Why This Method Works
Toasting cracks the tough cell walls inside whole seeds and vaporizes their volatile oils, so a quick turn in a dry pan deepens and rounds out the flavor before the spice ever hits the food. Grinding right after toasting captures those oils at their peak, because a ground spice has far more exposed surface and loses aroma to the air within months. Salt seasons and draws surface moisture into a thin slurry that dries into crust, sugar browns through the Maillard reaction at moderate heat and lends color, and the aromatics and heat fill in the body, which is why the four categories are treated as a formula rather than a loose pile of jars.
Make It Yours
- Wet paste: loosen a dry blend with a little oil and vinegar into a spreadable paste, the way the Carne Asada Dry Rub does, so it clings and carries flavor deeper before a hard sear.

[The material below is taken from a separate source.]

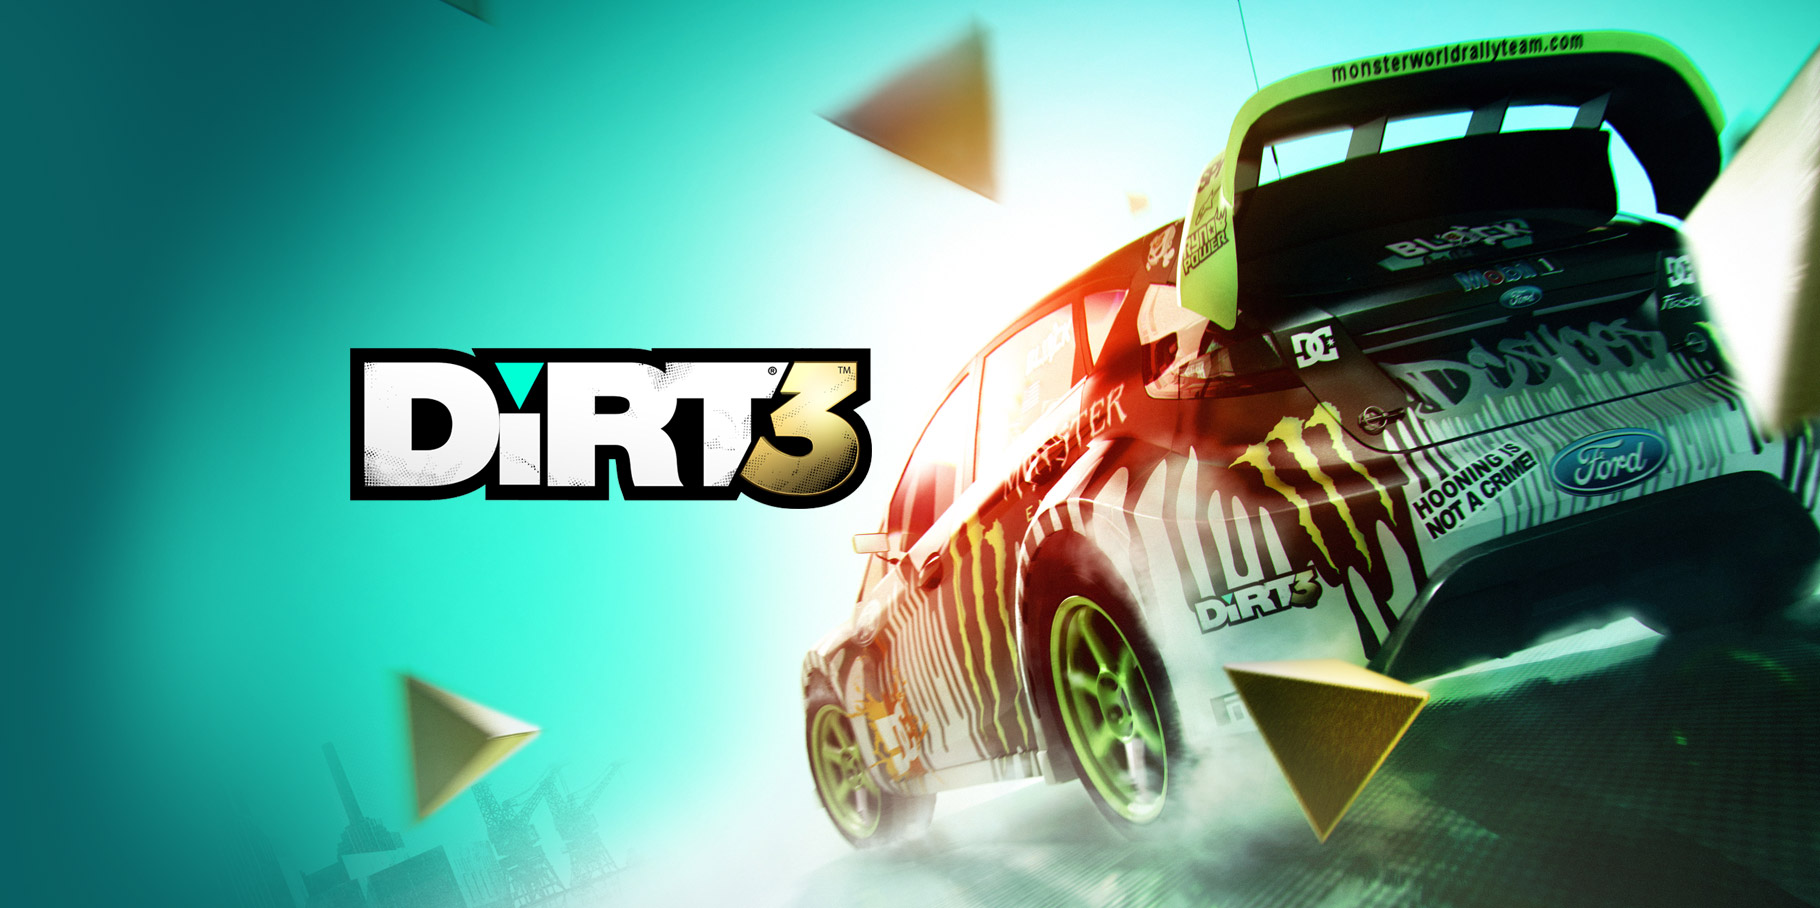 Dirt 3 Mobile Game Full Version Download

- Smoke without a smoker: lean on smoked paprika and a touch of hickory smoke powder, as in the BBQ Seasoning, to get a smoky base indoors.
- Chili-forward: make a good dark chili powder the backbone, the way the Cajun Fry Seasoning does, for depth under the heat rather than raw burn.
- Nutty and textured: grind toasted sesame, fennel, and coriander to a coarse crack, as in the Rub Spicy Tuna, for a seedy crust that sears up with real character.
- Dial the heat: cayenne sets the ceiling, so scale it up or down to taste and wear gloves when you are mixing a batch that leans hot.